We will consider the minimum and maximum of the average exponentials. Then recreate a histogram of average exponentials with more bins. Draw the density of the average exponentials and draw the normal qqplot. The following investigates whether the exponential distribution is approximately normal. Due to the Central Limit Theorem, the means of the sample simulations should follow a normal distribution.
par(mfrow = c(1,2))
plotdata <- data.frame(simulationMean)
distplot <- ggplot(plotdata, aes(x = simulationMean))
distplot <- distplot + geom_histogram(aes(y = ..density..), colour = "black",
fill = "lightblue")
distplot <- distplot + labs(title = "Distribution of the Exponentials mean", x = "Mean of Samples", y = "Density")
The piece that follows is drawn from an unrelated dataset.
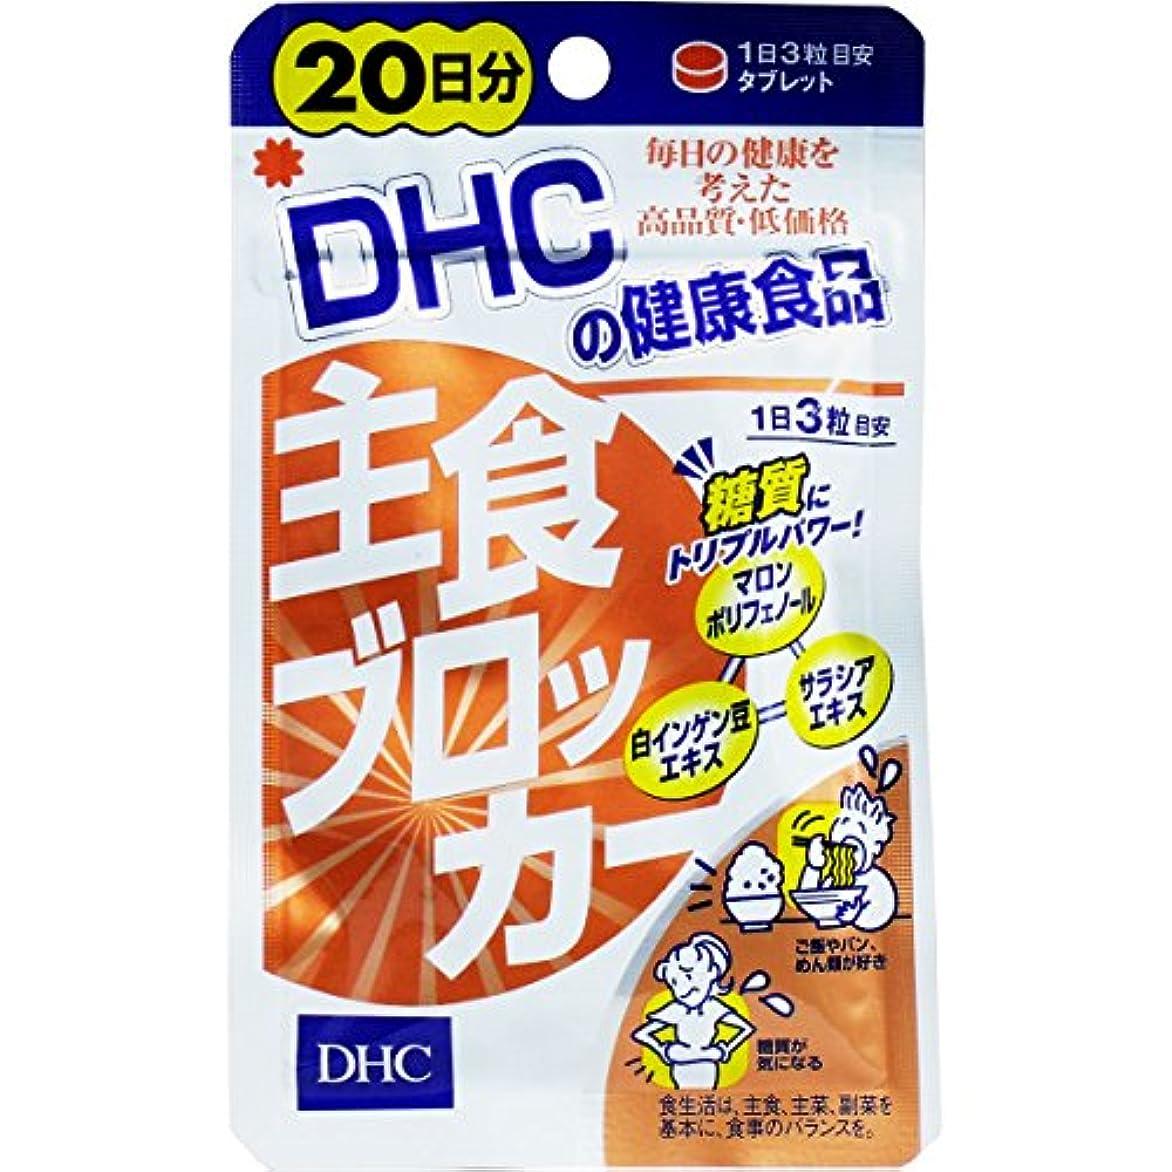 DHC 主食ブロッカー 20日分 60粒(12g) 2個セット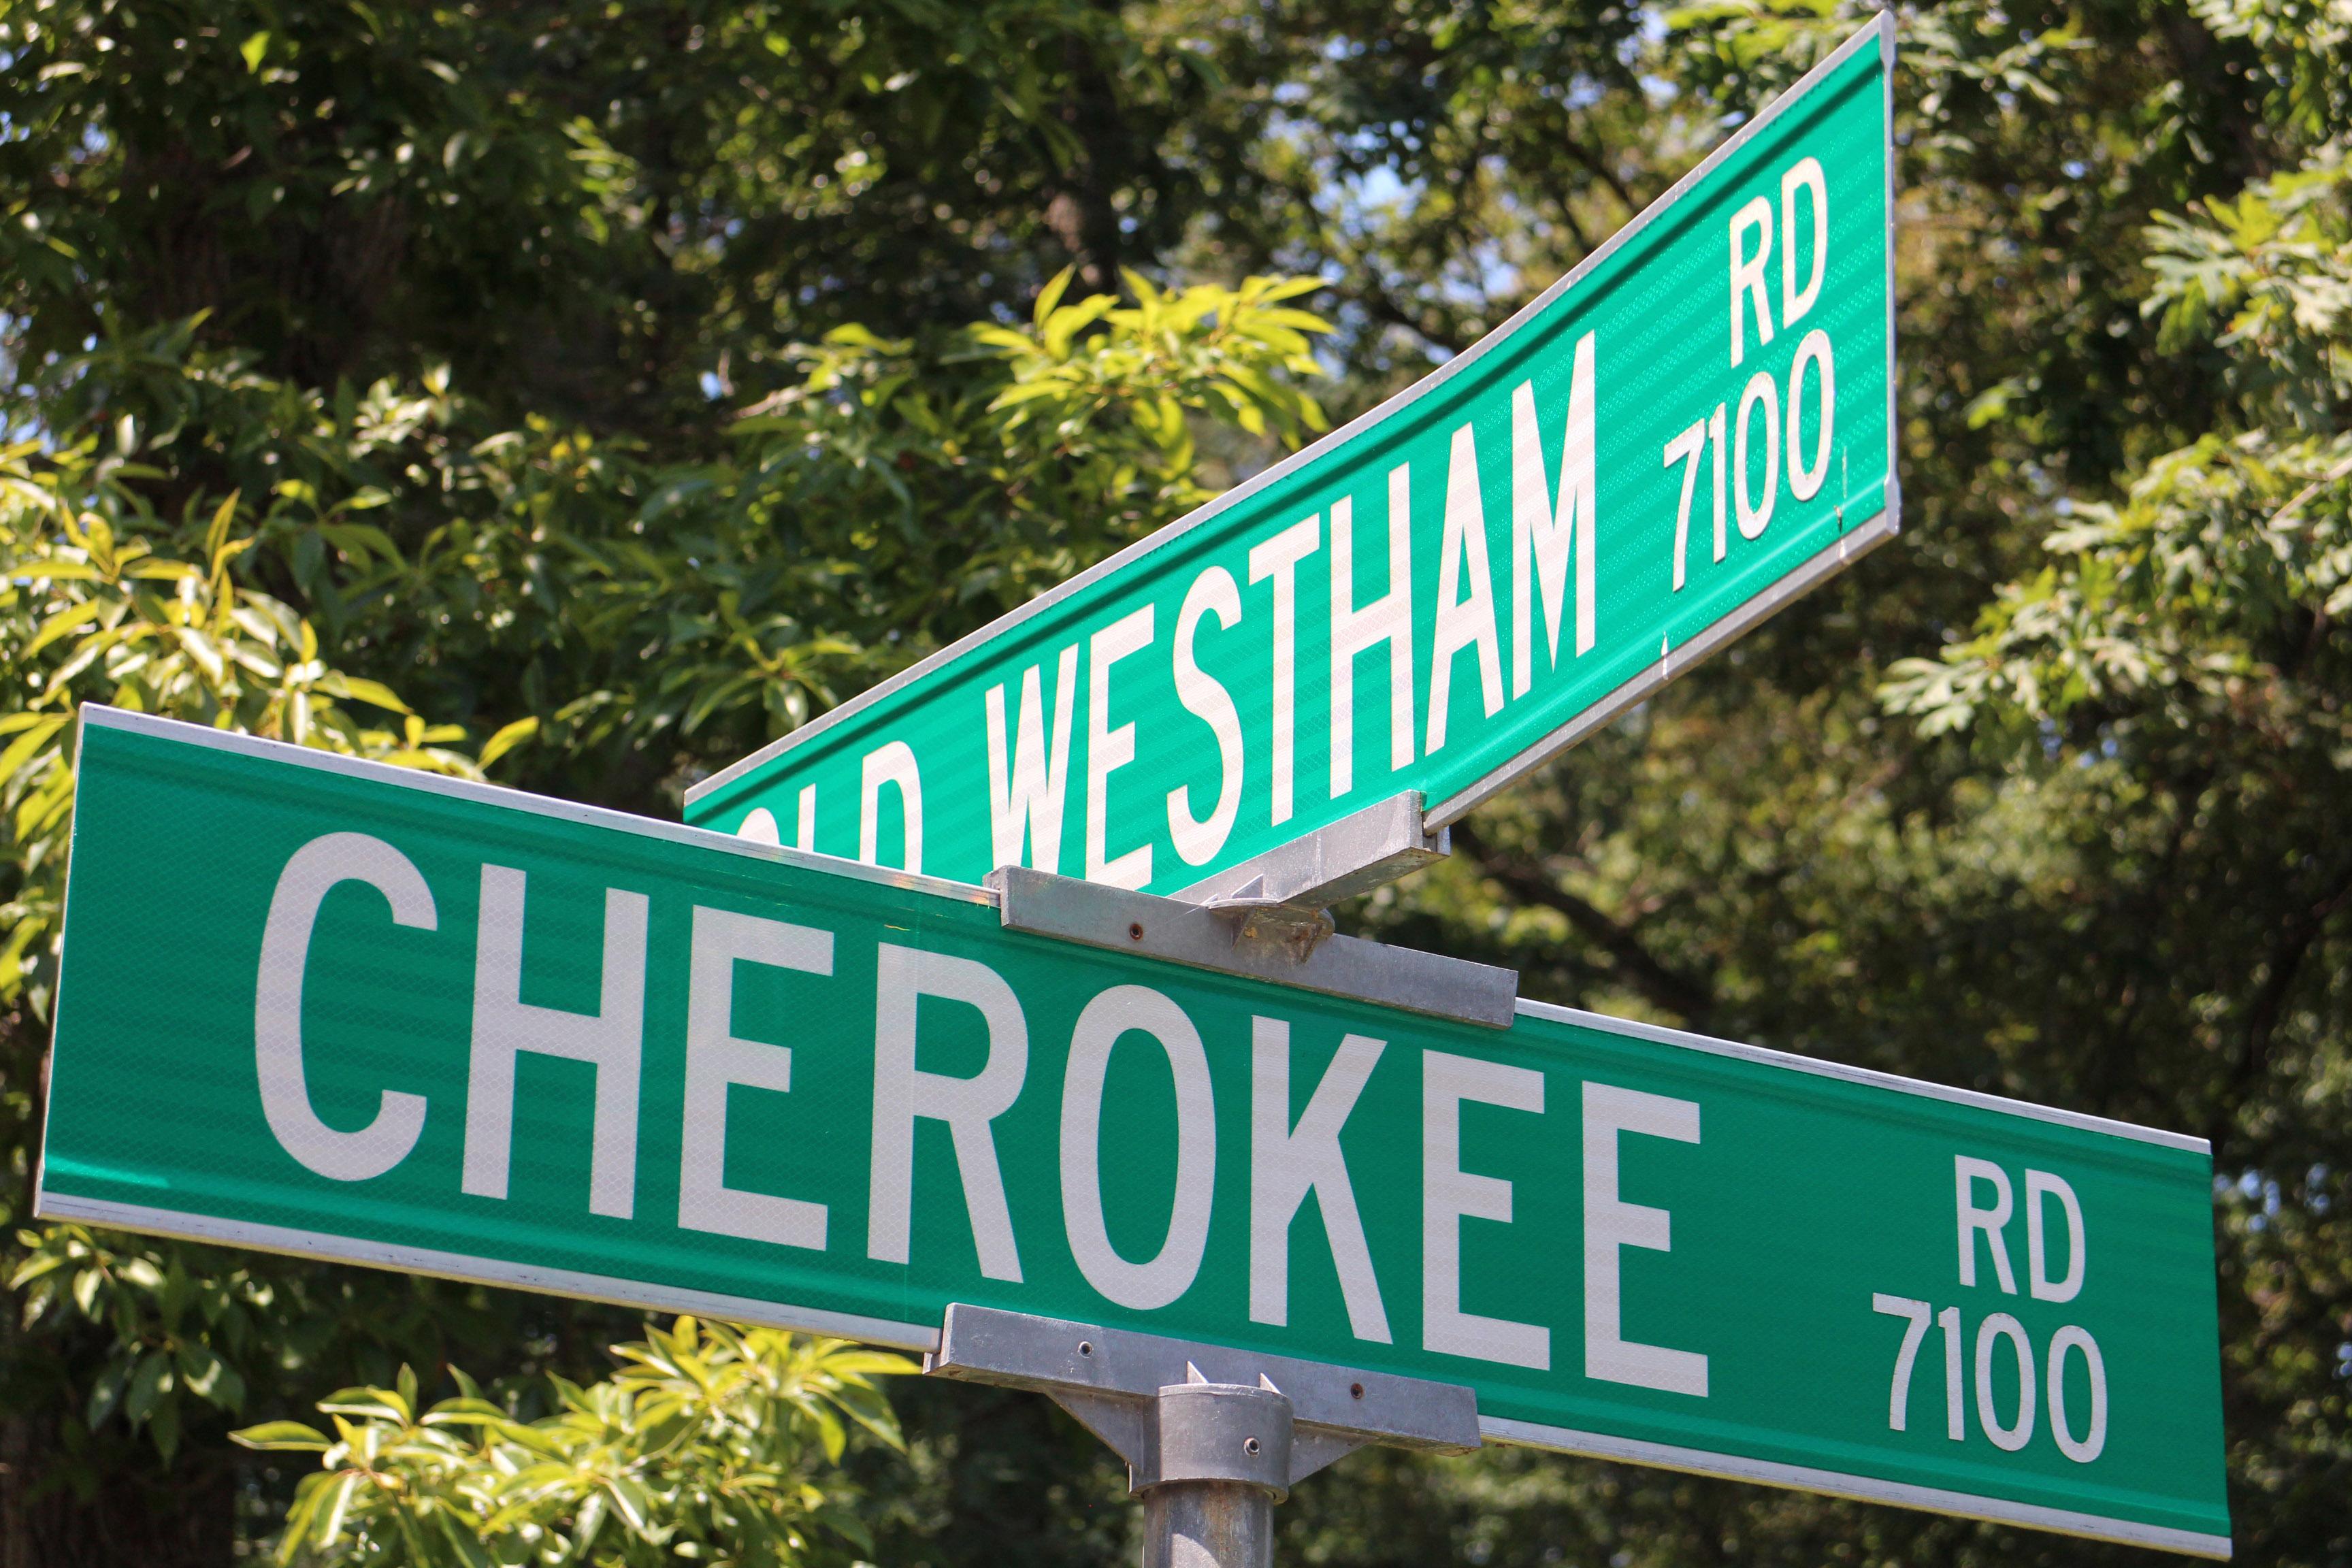 Cherokee Road

distplot <- distplot + geom_vline(aes(xintercept = sample_mean, colour = "seashell"))
distplot <- distplot + geom_vline(aes(xintercept = theo_mean, colour = "gold1" ))
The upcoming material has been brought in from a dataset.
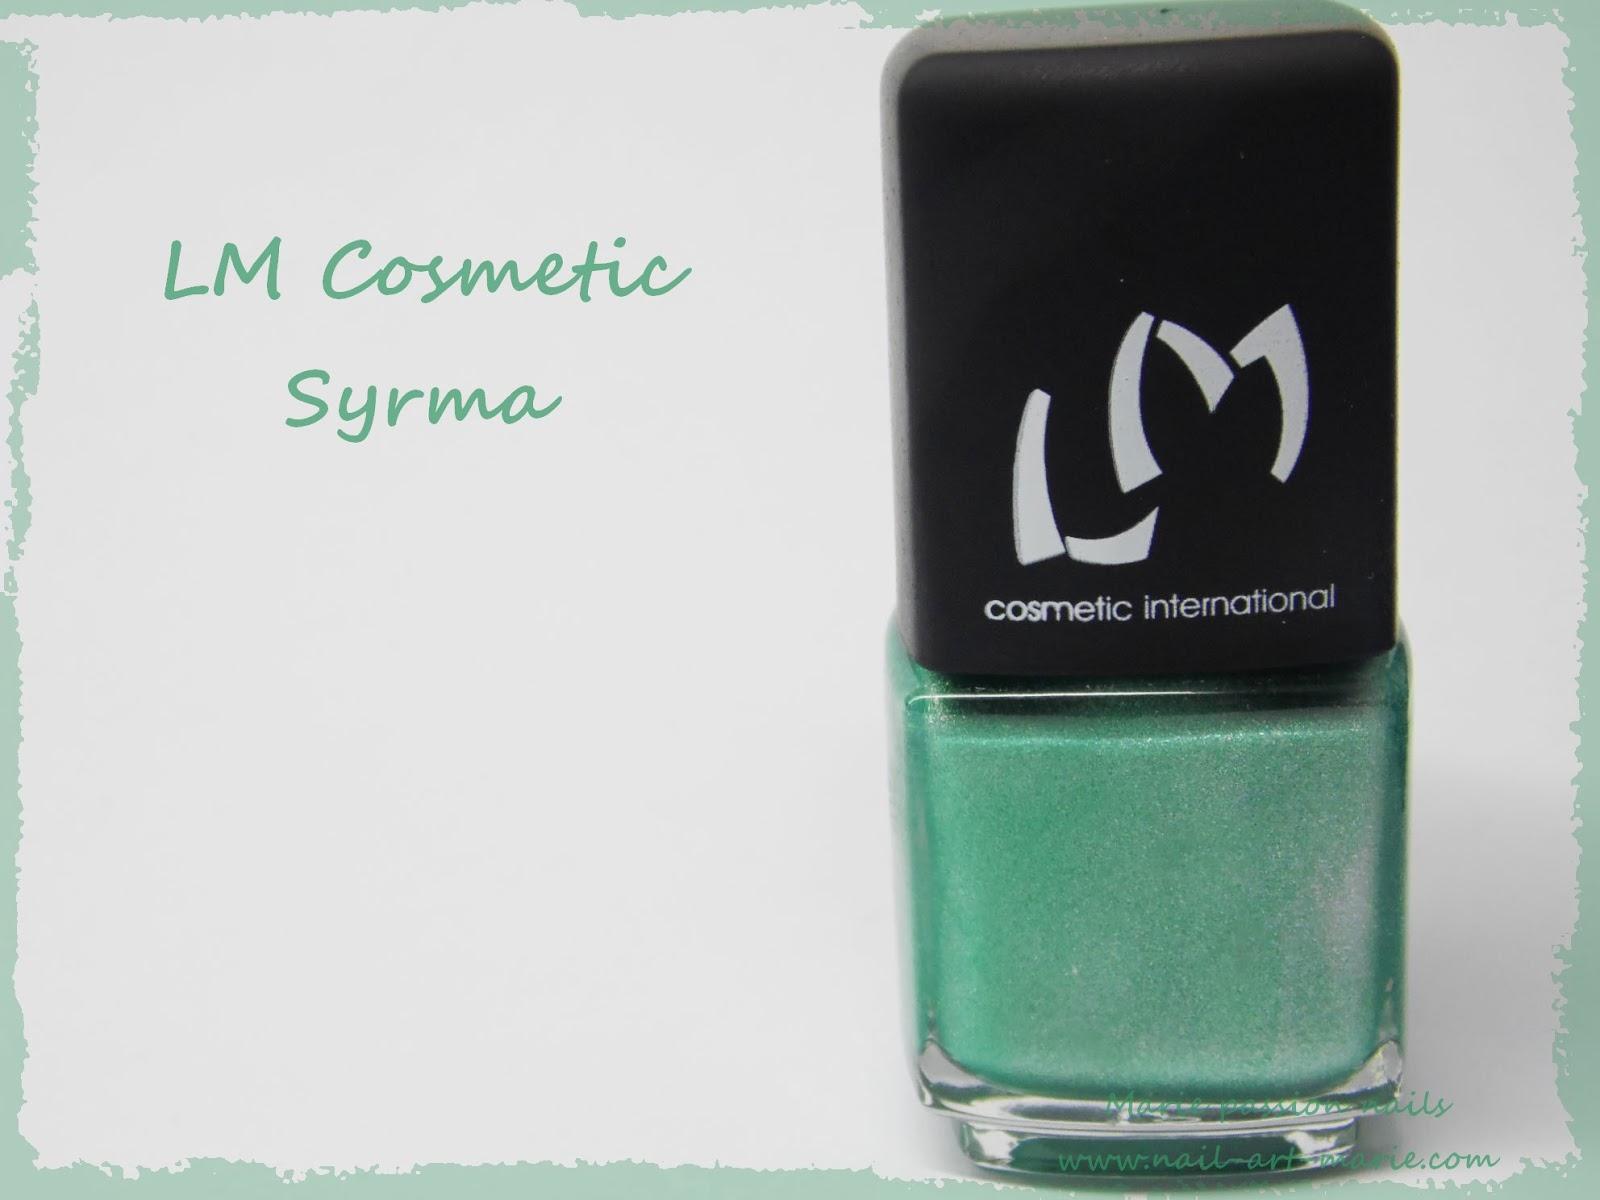 LM Cosmetic Syrma1

distplot <- distplot + stat_function(fun = dnorm, args = list(mean = sample_mean, sd = sample_sd), color = "greenyellow", size = 1.0)
distplot <- distplot + stat_function(fun = dnorm, args = list(mean = theo_mean, sd = theo_sd), colour = "red", size = 1.0)
distplot
## `stat_bin()` using `bins = 30`. Pick better value with `binwidth`.
qqnorm(simulationMean)
qqline(simulationMean, col = 4)
The density of the actual data is shown by the seashell bars. The theoretical mean and the sample mean are so close that they nearly overlap. The “red” line shows the normal curve formed by the the theoretical mean and standard deviation. The “greenyellow” line shows the curve formed by the sample mean and standard deviation. As you can see from the graph, the distribution of means of 40 exponential distributions is close to the normal distribution with the expected theoretical values based on the given lambda.
Next we check the confidence interval levels to see how they compare.
To Calculate the sample confidence interval using sampleCI = mean of x plus or minus the 97.5th normal quantile times the standard error of the mean standard deviation of x divided by the square root of n (the length of the vector x).
sampleCI <- round(mean(simulationMean) + c(-1,1)*1.96*sample_sd/sqrt(ntimes),3)
sampleCI
## [1] 4.787 5.298
To Calculate the theoretical confidence interval we use theoCI = theoMean of x plus or minus the 97.5th normal quantile times the standard error of the mean standard deviation of x divided by the square root of n (the length of the vector x).
theoCI <- theo_mean+ c(-1,1) * 1.96 * sqrt(theo_var)/sqrt(ntimes)
theoCI
## [1] 4.755 5.245
The sample confidence interval is 4.787 5.298 and the theoretical confidence level is 4.755 5.245. The confidence levels also match closely. Again, proving the distribution is approximately normal.
As shown above, the distribution of means of the simulated exponential distributions follows a normal distribution due to the Central Limit Theorem. If the number of samples increase (currently at 1000), the distribution should be even closer to the standard normal distribution.